One of the perks of the presidency is getting to personalize the Oval Office. President Joe Biden shared his take on the executive West Wing nook in a rare video tour for Architectural Digest magazine.

"I chose the things that sort of represent why I got into public life to begin with," the president said in the video published on Friday.

In his Oval Office, he's added four busts of Americans celebrated for their commitment to civil rights — Rev. Martin Luther King Jr., former Attorney General Robert Kennedy, Rosa Parks and Cesar Chavez.

Biden shows off a photo of himself with his grandson Beau peeking out from the historic Resolute Desk — his re-enactment of the iconic photo of President John F. Kennedy with his toddler son John F. Kennedy Jr. (a.k.a. "John-John") playing under his father's desk.

Nearby is a portrait of Benjamin Franklin, who founded the University of Pennsylvania. It's a nod to Biden's teaching tenure and his children's alma mater, the president said.

Biden is bipartisan in his borrowing from the White House furniture archive, says presidential historian Alexis Coe. The 46th president kept the gold curtains from the Trump era, but swapped out his predecessor's neutral-toned rug for Clinton's dark blue one and has George W. Bush's couch.

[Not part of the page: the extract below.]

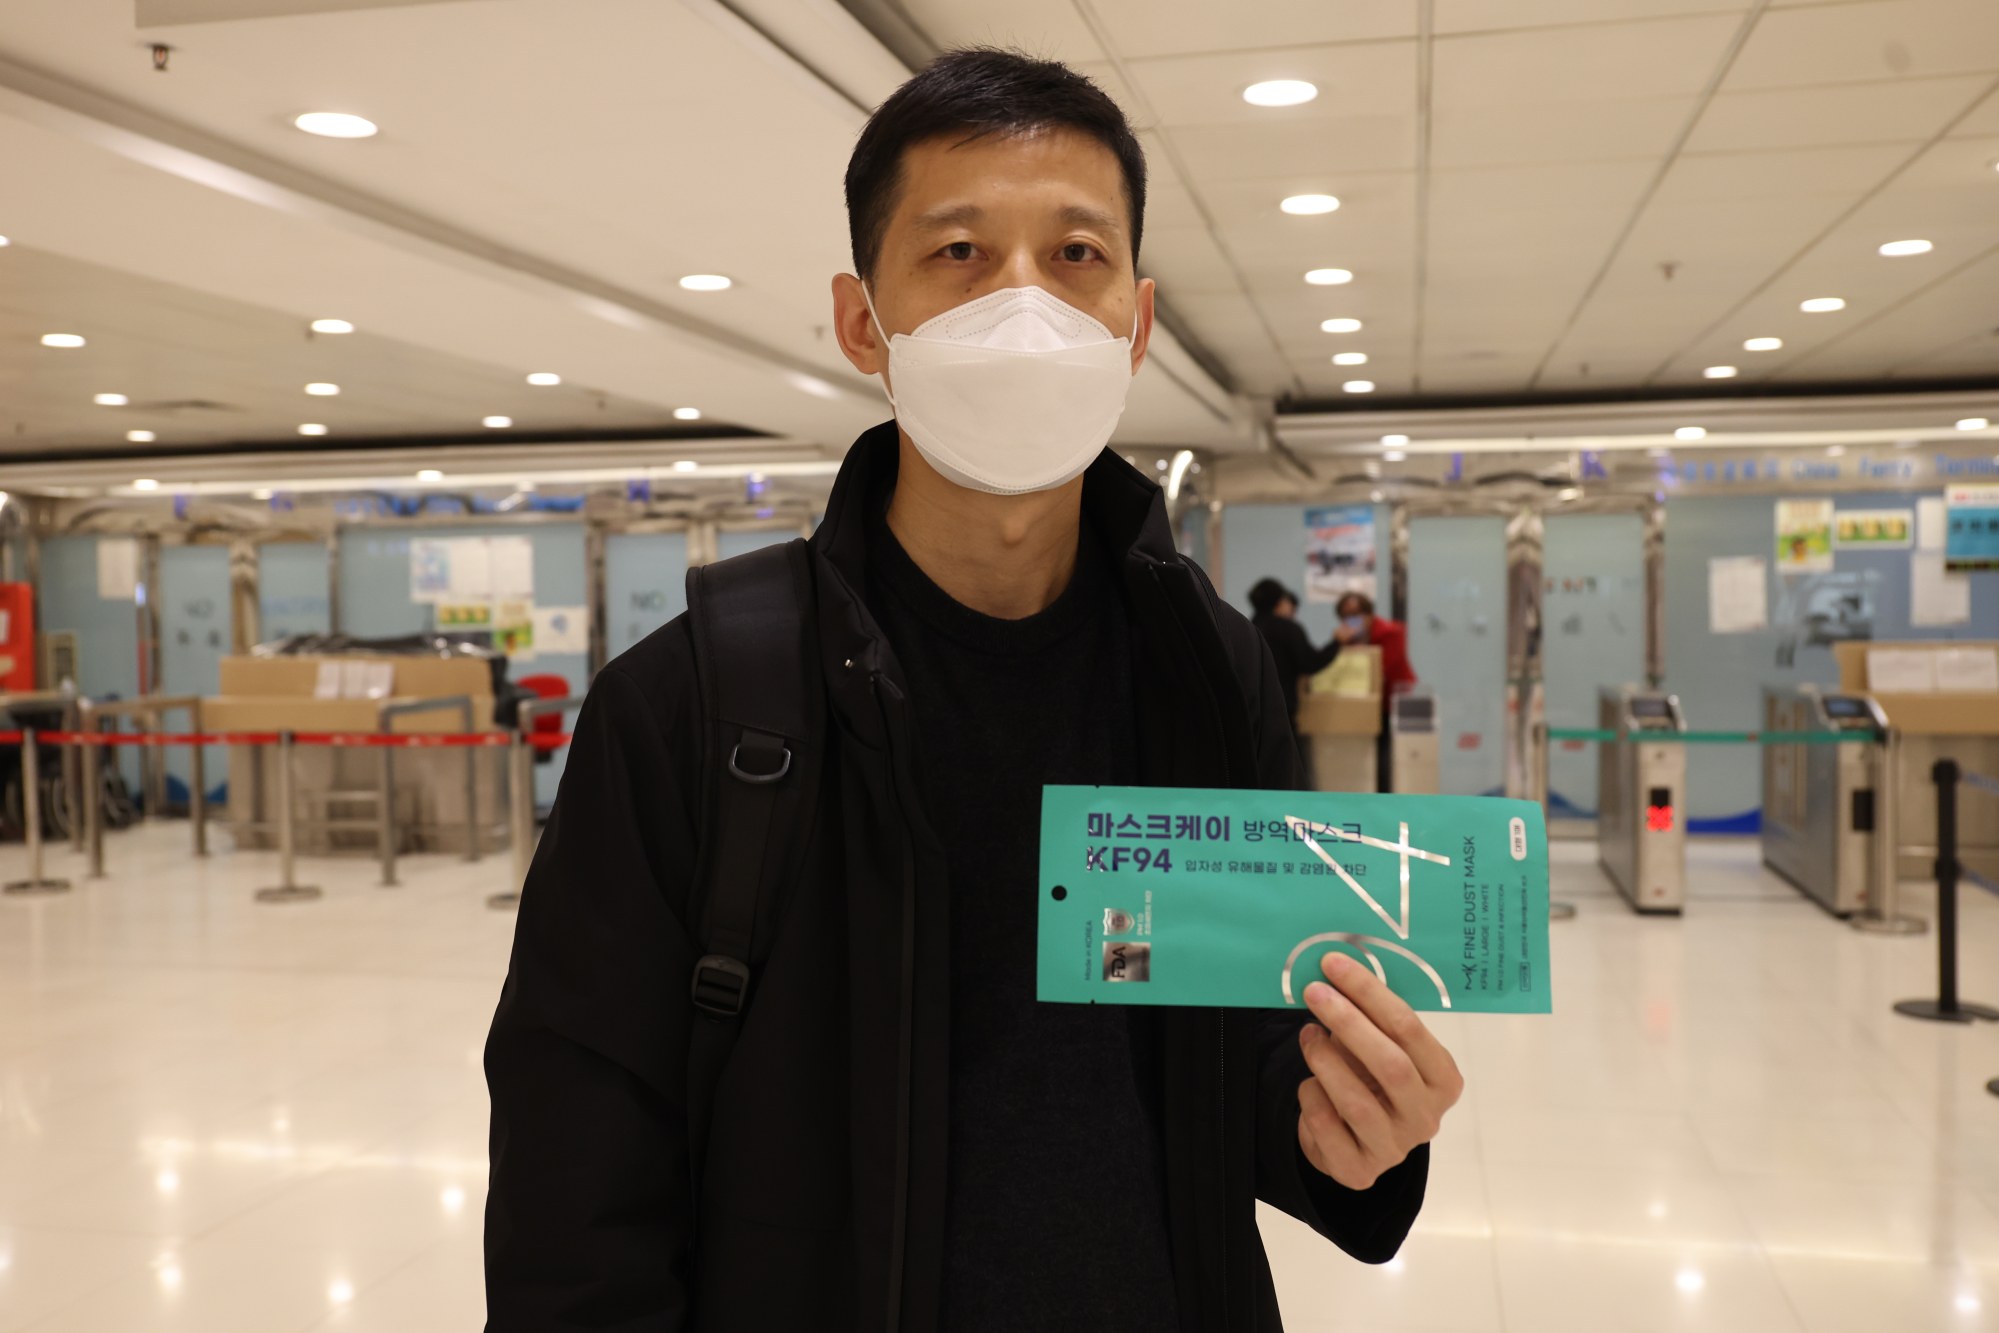 hong kong quarantine free travel by november

He credits his brother James Biden and presidential historian Jon Meacham for most of the other decor decisions. The younger Biden and Meacham, he said, helped curate the selection of portraits featured above the fireplace: Presidents George Washington, Thomas Jefferson, Abraham Lincoln, Franklin D. Roosevelt, and Treasury Secretary Alexander Hamilton. The leaders, Biden said, represent possibilities foundational to America. "There's not a single thing we can't do," he said.

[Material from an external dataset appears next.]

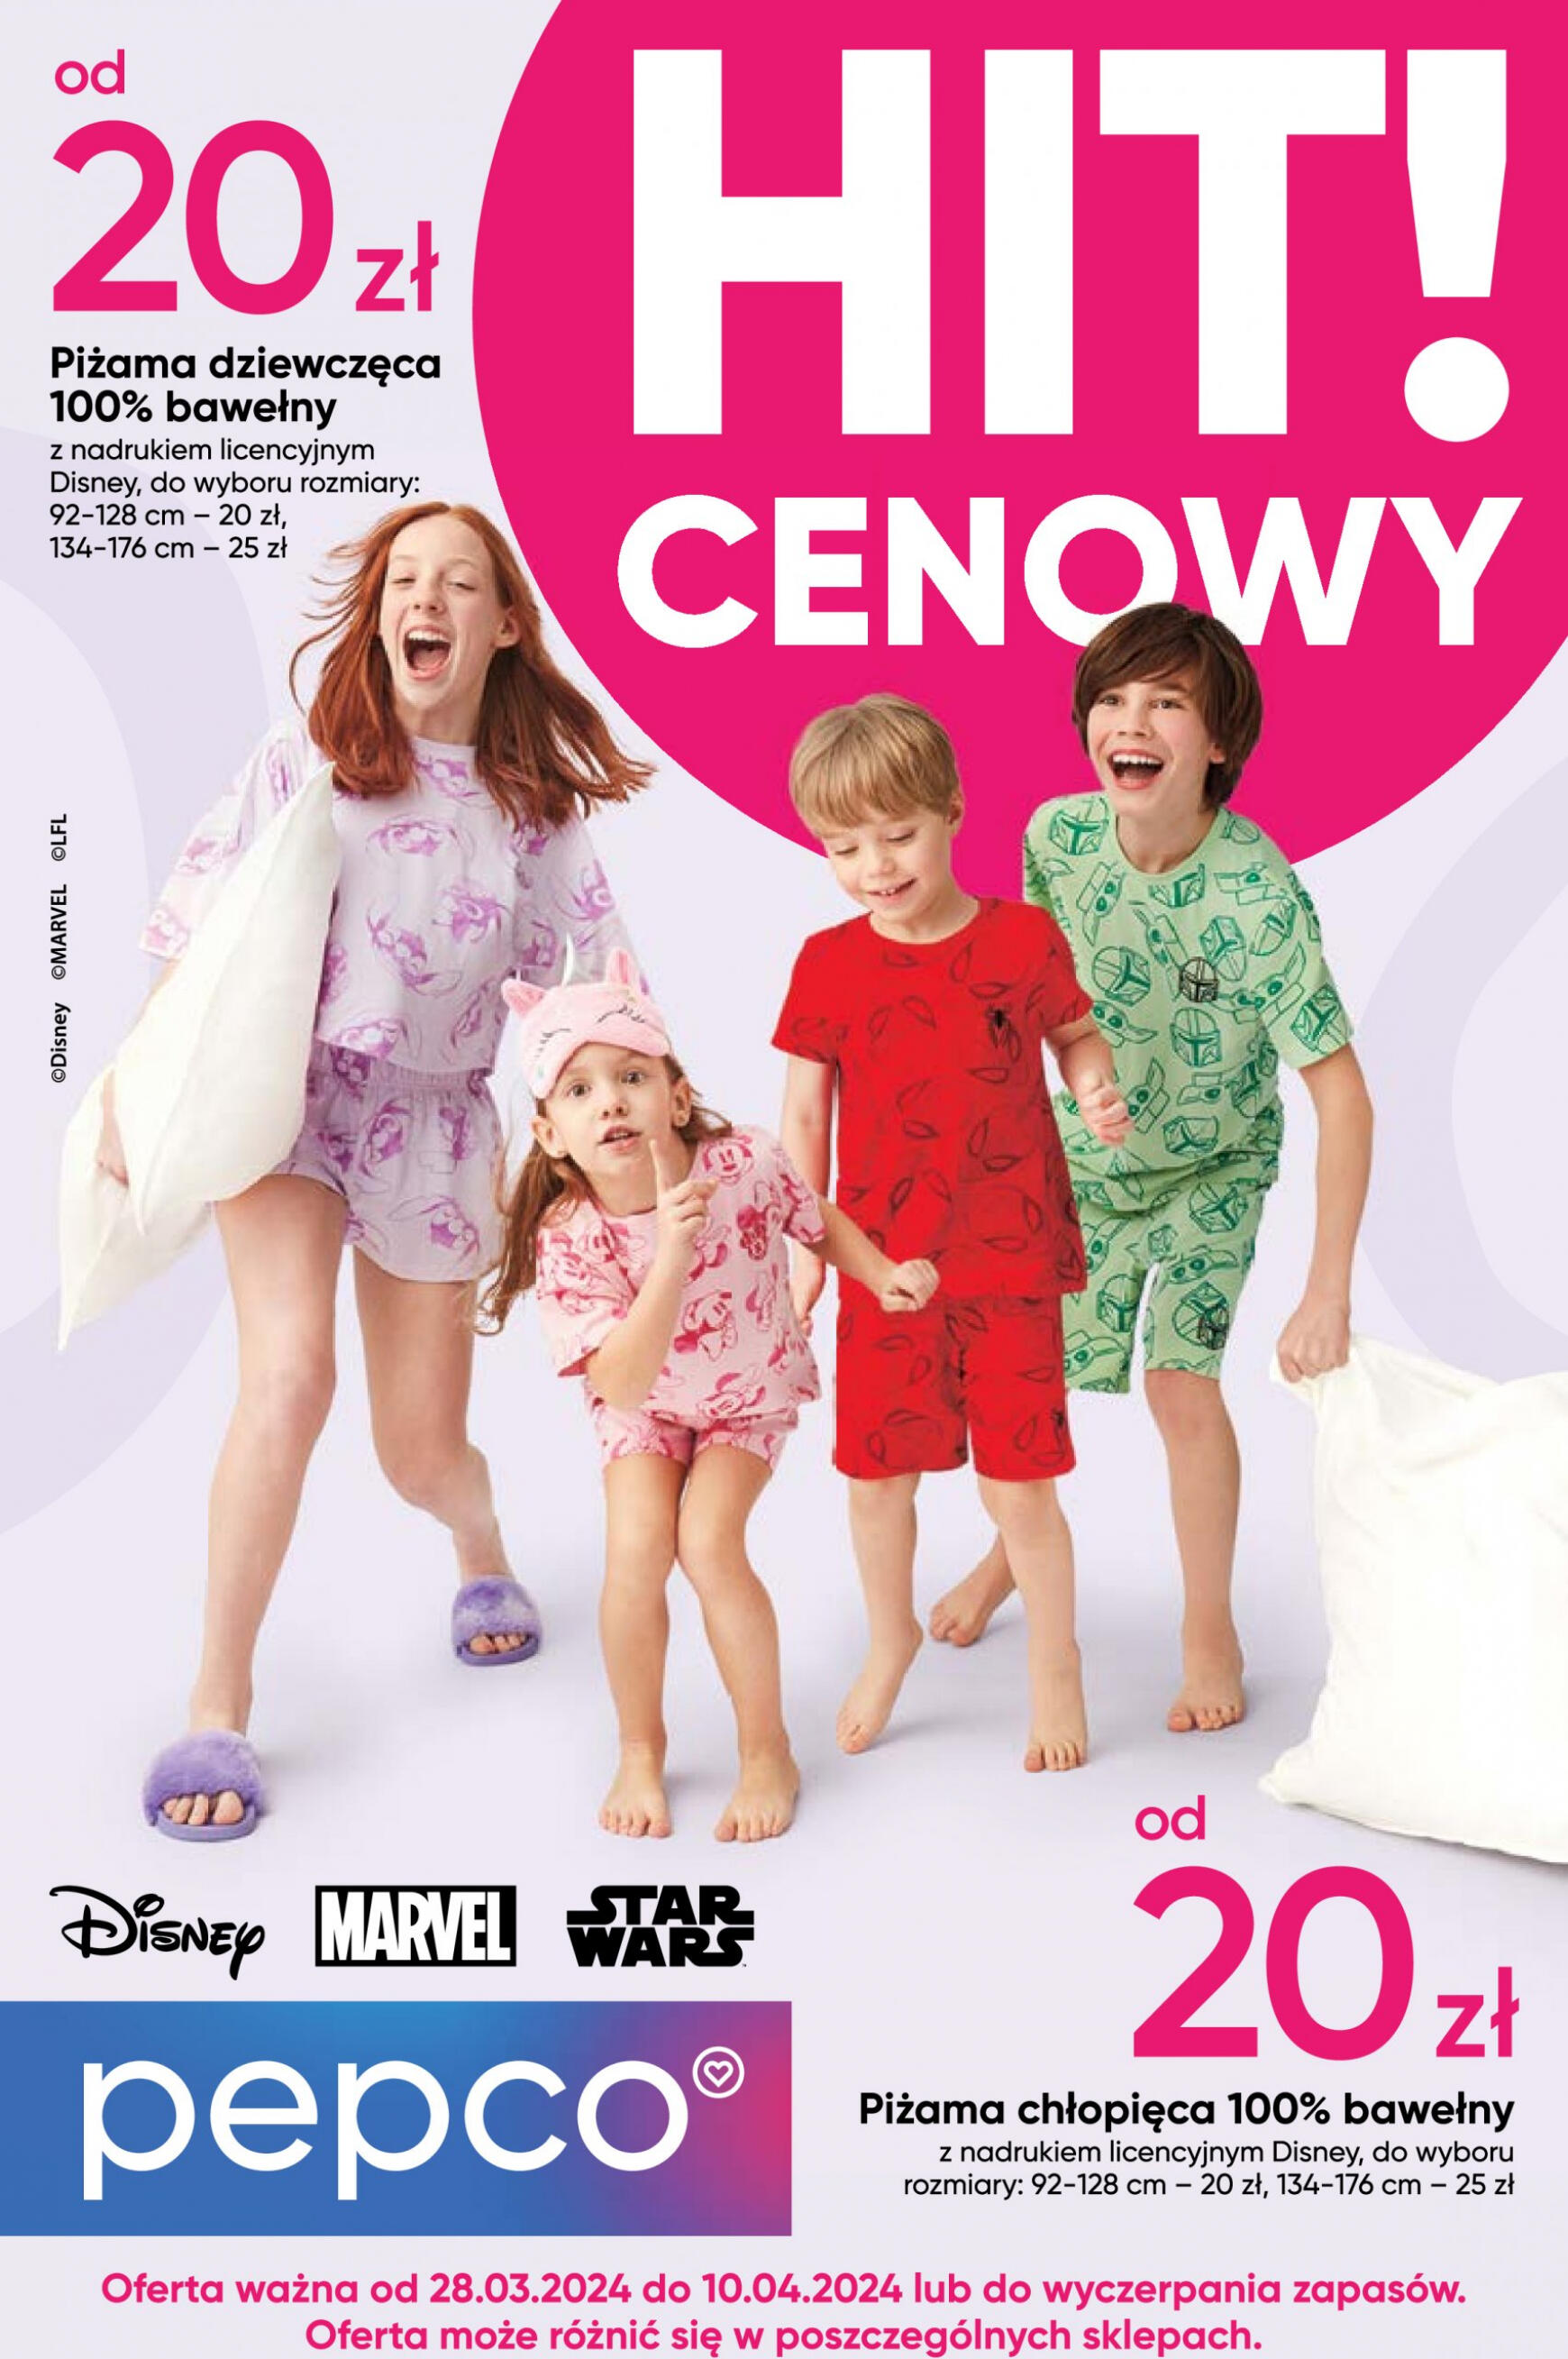 pepco - Pepco - Piżamy Disney obowiązuje od 28.03.2024

Sketches of abolitionist Frederick Douglass line the hallway to a more private office, where the president says he writes his speeches. In it, there's a gallery wall of framed kids' drawings and letters sent to the president.

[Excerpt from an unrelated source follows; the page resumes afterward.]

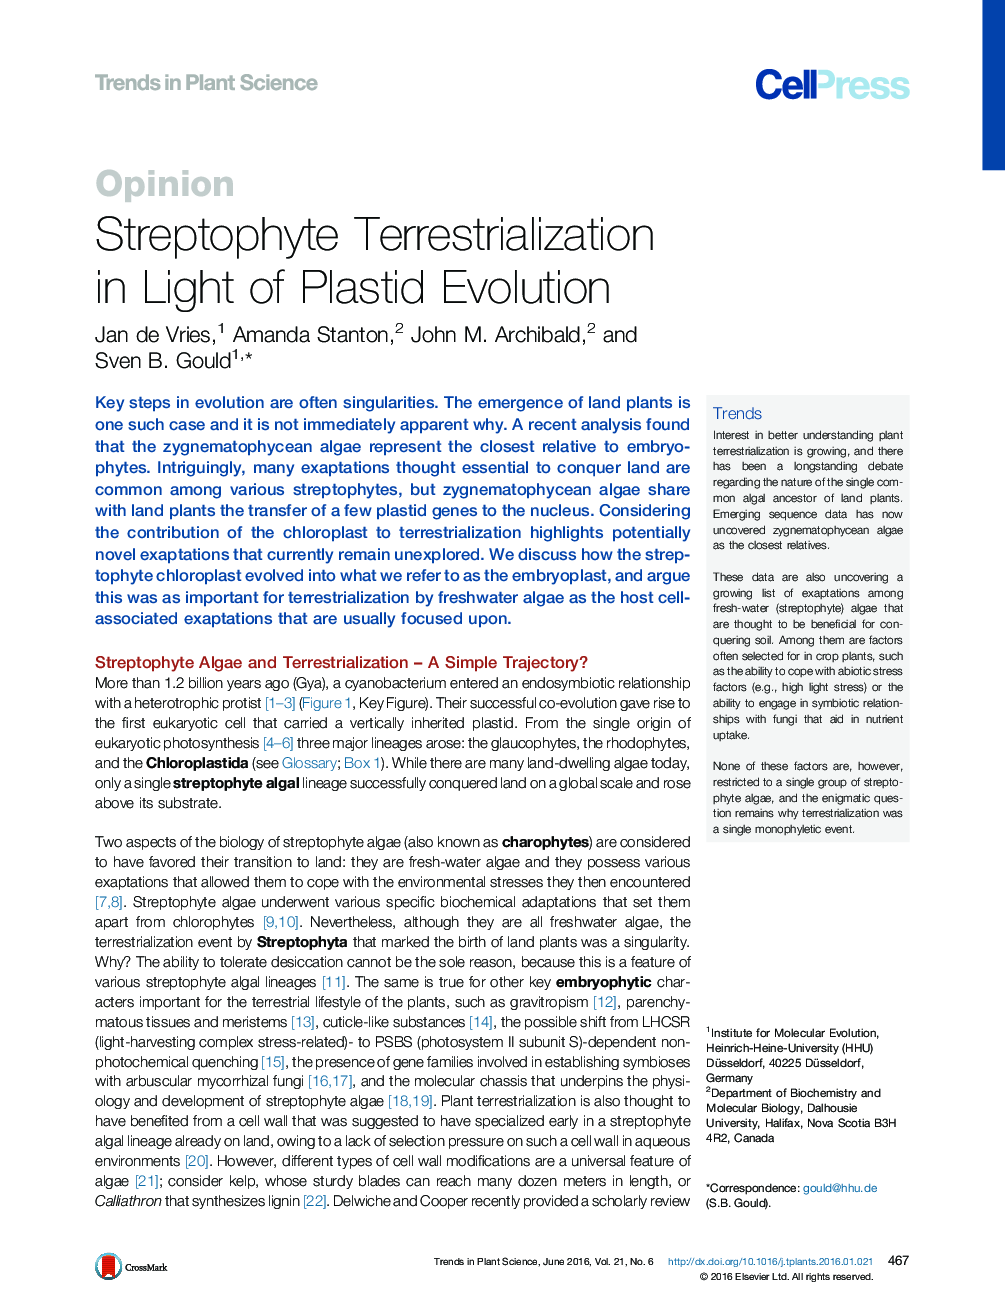 Streptophyte Terrestrialization in Light of Plastid Evolution

Few presidents have renovated or made major alterations to the Oval Office, noted Coe. But Biden's unique contributions to the White House furnishings include an Irish rugby team ball signed and given to him by his distant cousins, two of whom are current and former star rugby players in Ireland. There's also a moon rock behind a display case, a 1972 lunar sample that NASA lent to the Oval Office.

"It's literally a rock from the moon," Biden said.

In the adjoining Cabinet Room, he shares his Oval Office tradition: keeping homemade chocolate chip cookies around, all individually wrapped with a presidential seal.

Coe, author of the George Washington biography You Never Forget Your First, described Biden in the video as a "a less demure version of Jackie Kennedy during her famous White House tour."

As the oldest sitting president who's also running for re-election next year, Biden's tour is a good play for relevance, she added.

"Despite the incessant talk of age, he adapts to a changing population, and the kind of home tour they like, with good humor," she said.

Biden isn't the only U.S. president to give the interior design and architecture magazine a look inside the White House residence. But he's the first sitting president to appear on the magazine's Open Door video tour series, a treatment typically reserved for Hollywood A-listers and design influencers.

"During an election year, presidents sometimes promote their administration the way a celebrity would promote a movie," Coe said. "They go on prime time shows, so why not offer video tours? The AD [tour] was certainly more enjoyable than time spent on a late-night host's couch."